#### SOURCE MATERIAL ####

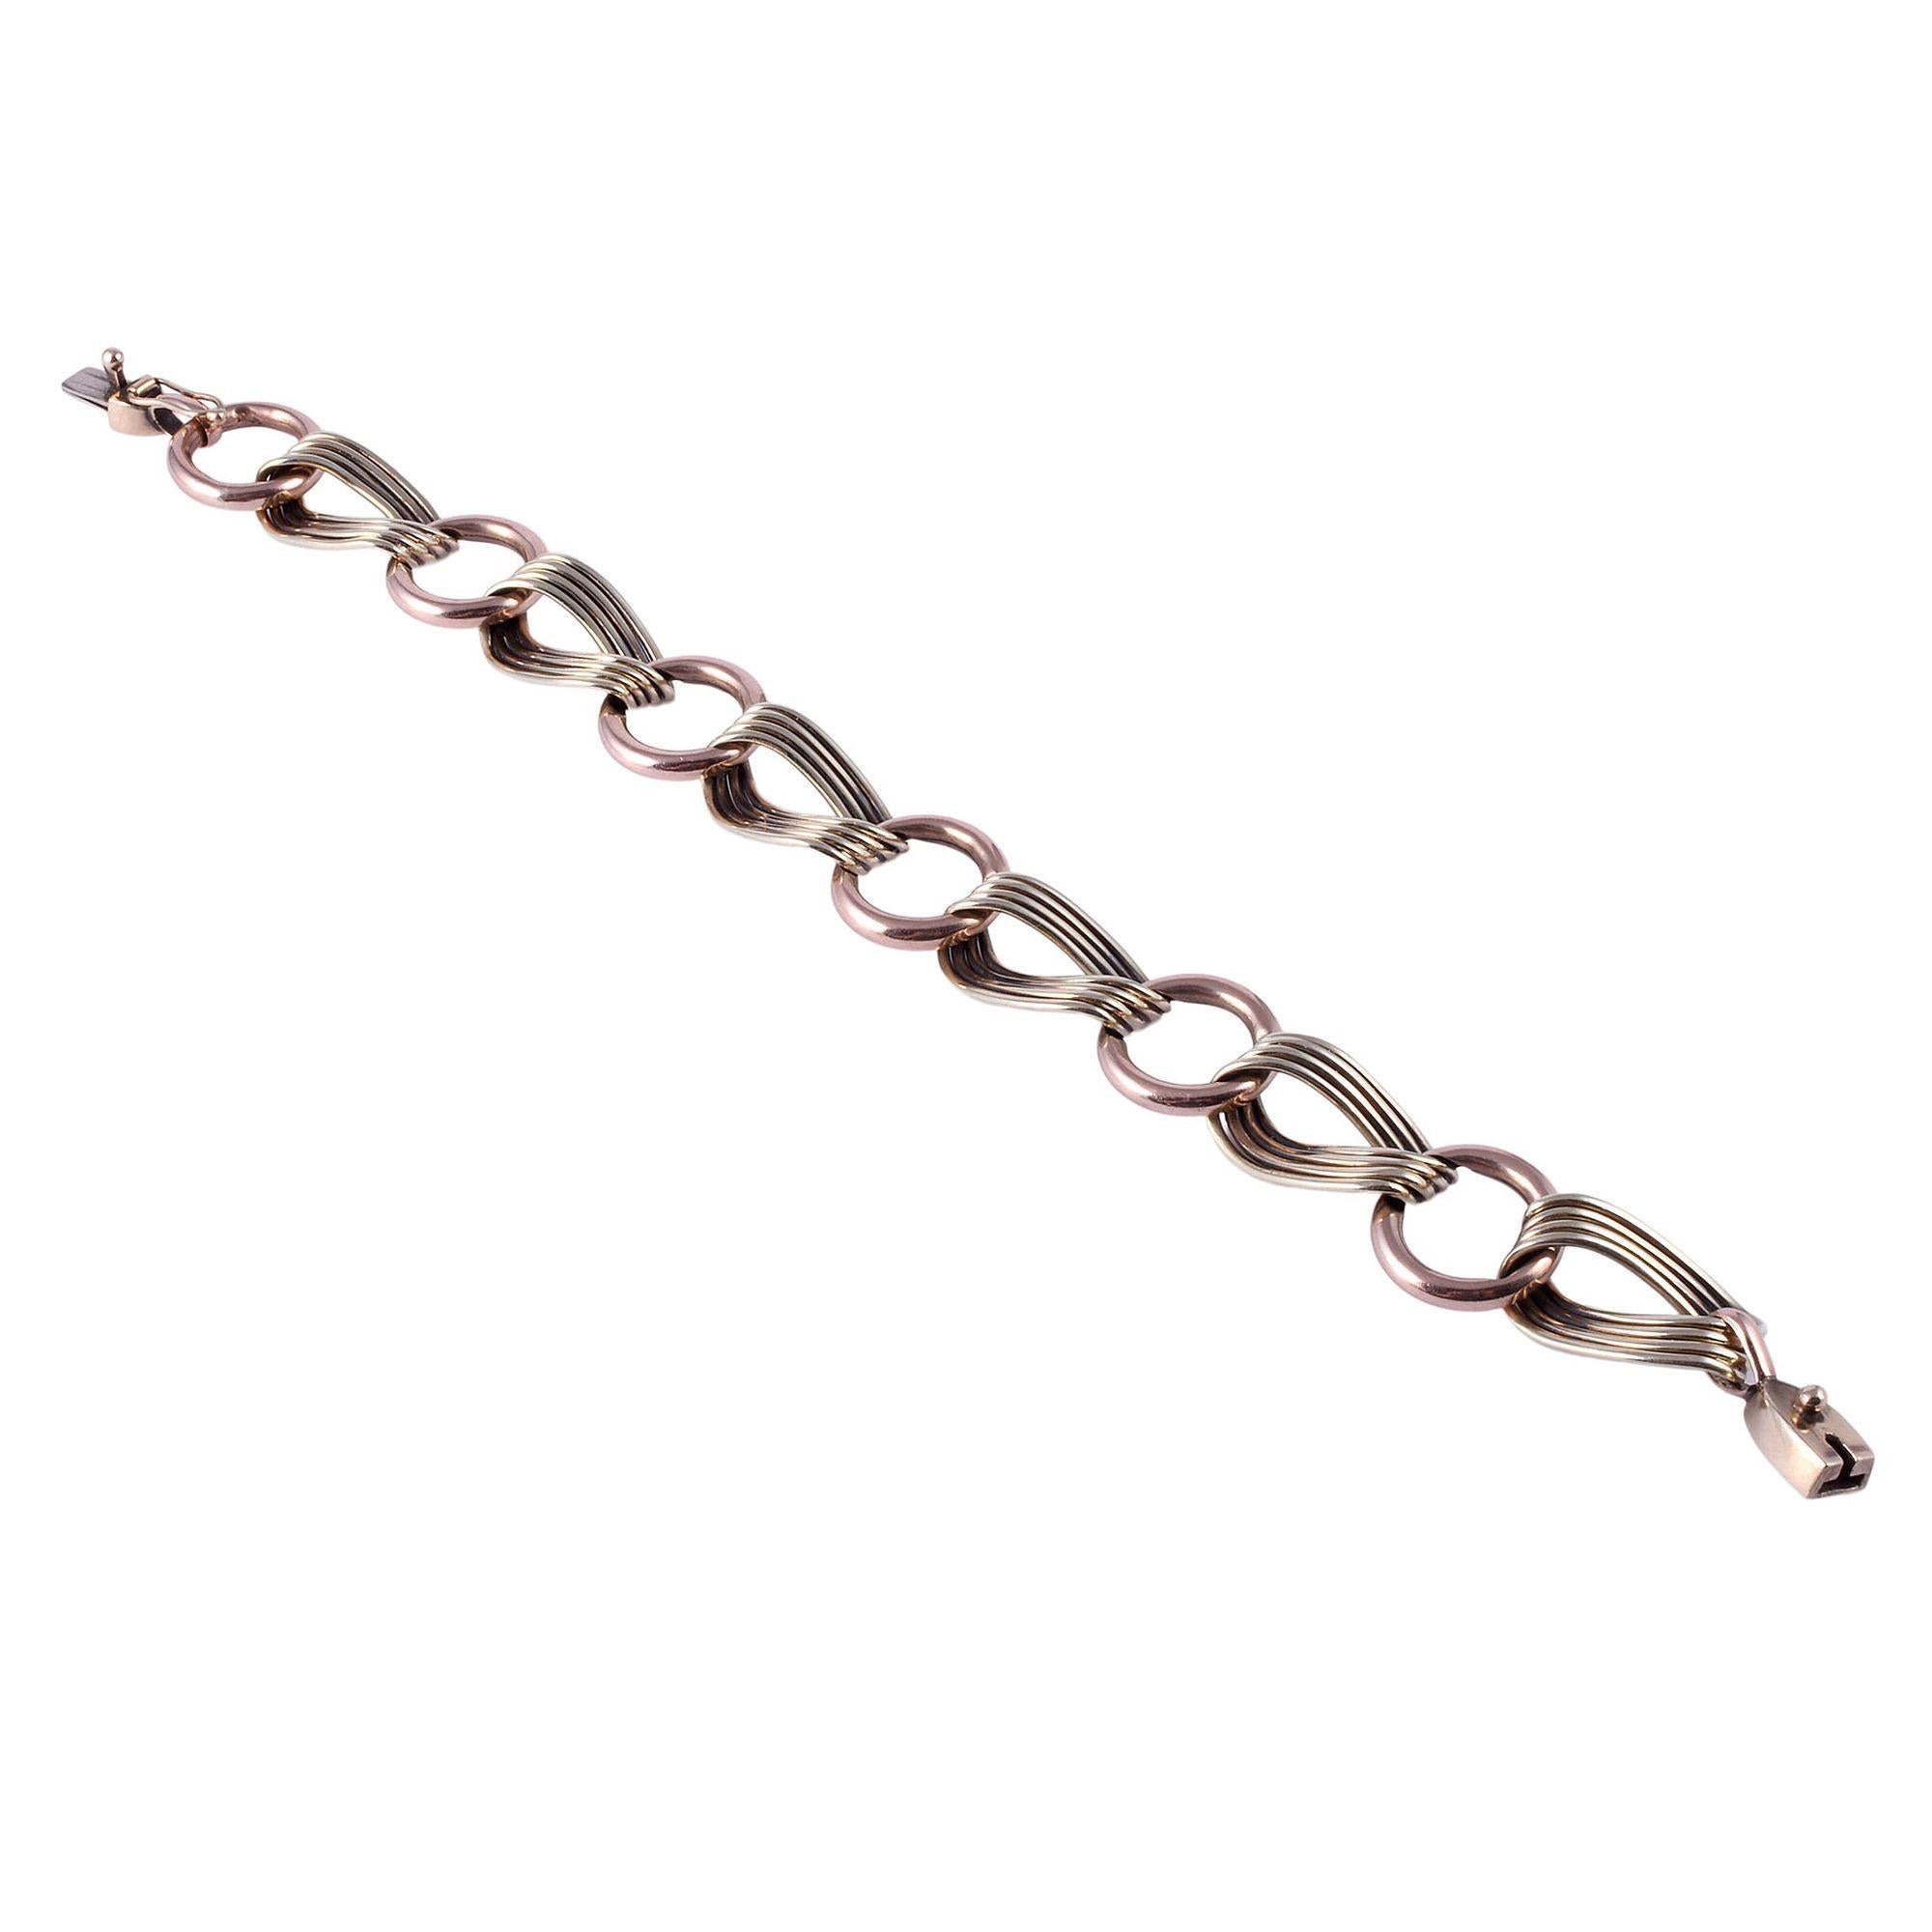 Antique rose & yellow gold link bracelet, circa 1900. This antique bracelet is crafted in 14 karat yellow and rose gold. The antique link bracelet weighs 24 grams. [KIMH 584]

Dimensions
7.875

####

> [WHAT YOU HAVE TO DO] Only the pictures are to be omitted; restate everything else above exactly.

> [WRITTEN SOLUTION]
 Antique rose & yellow gold link bracelet, circa 1900. This antique bracelet is crafted in 14 karat yellow and rose gold. The antique link bracelet weighs 24 grams. [KIMH 584]

Dimensions
7.875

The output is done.